Mariangela Rapisarda
PhD student
Mariangela Rapisarda was born in Monza in 1992. She obtained from Politecnico di Milano the B.Sc. degree in Telecommunication Engineering in 2014 and the M.Sc. degree in Telecommunication Engineering in 2017, with a thesis regarding the impact of crosstalk in direct detection SDM optical systems in presence of multiple subcarrier modulation, developed in the Optical Communication Laboratory of PoliCom, Department of Electronics, Information and Bioengineering (DEIB).
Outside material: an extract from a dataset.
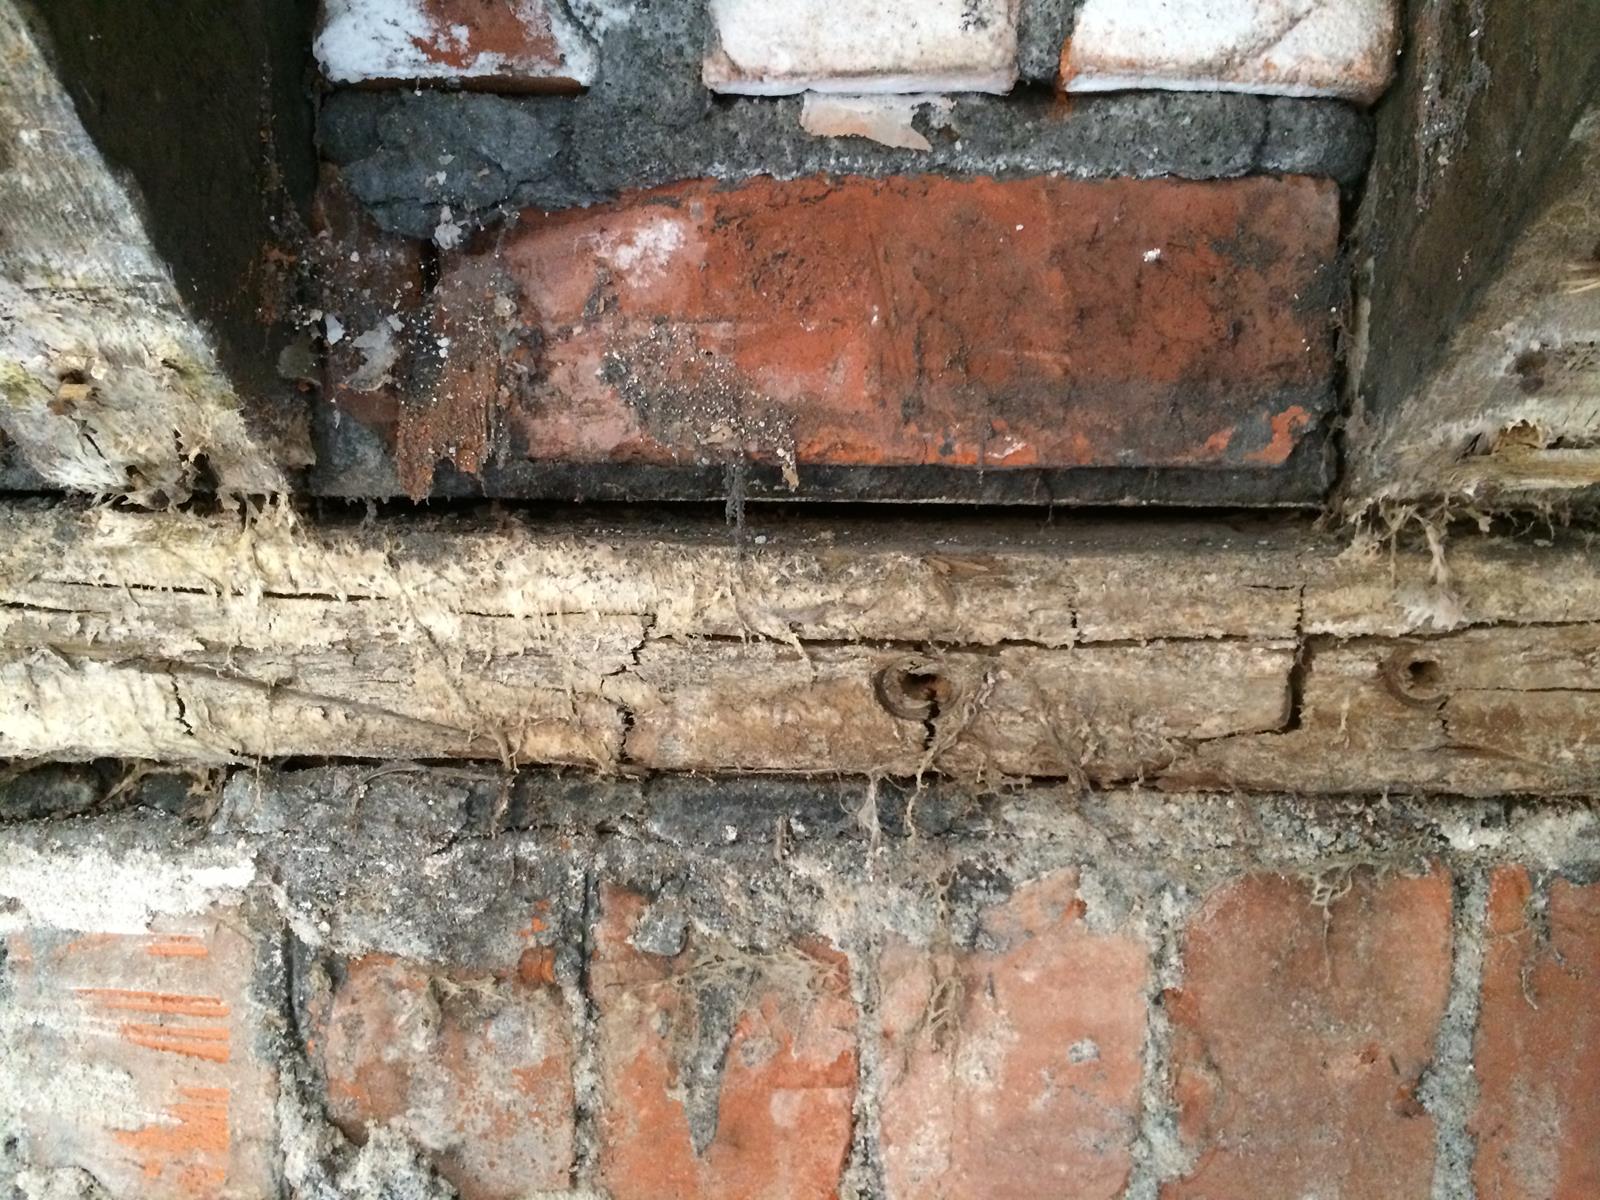 Dry Rot in a floor joist and wall plate.

She is now a Ph.D. student in Optical Communications, and she is involved in the European project Horizon 2020 PASSION.
Ilaria Di Luch
PhD student
Ilaria Di Luch was born in 1993. She obtained the B.Sc. degree and the M.Sc. degree in Telecommunication Engineering in 2015 and 2017 from Politecnico di Milano, developing in the Optical Communication Laboratory of PoliCom, Department of Electronics, Information and Bioengineering (DEIB) a thesis on a fibre optic fuel sensor.
She is now an interdisciplinary Ph.D. student in Telecommunication and Mechanical Engineering.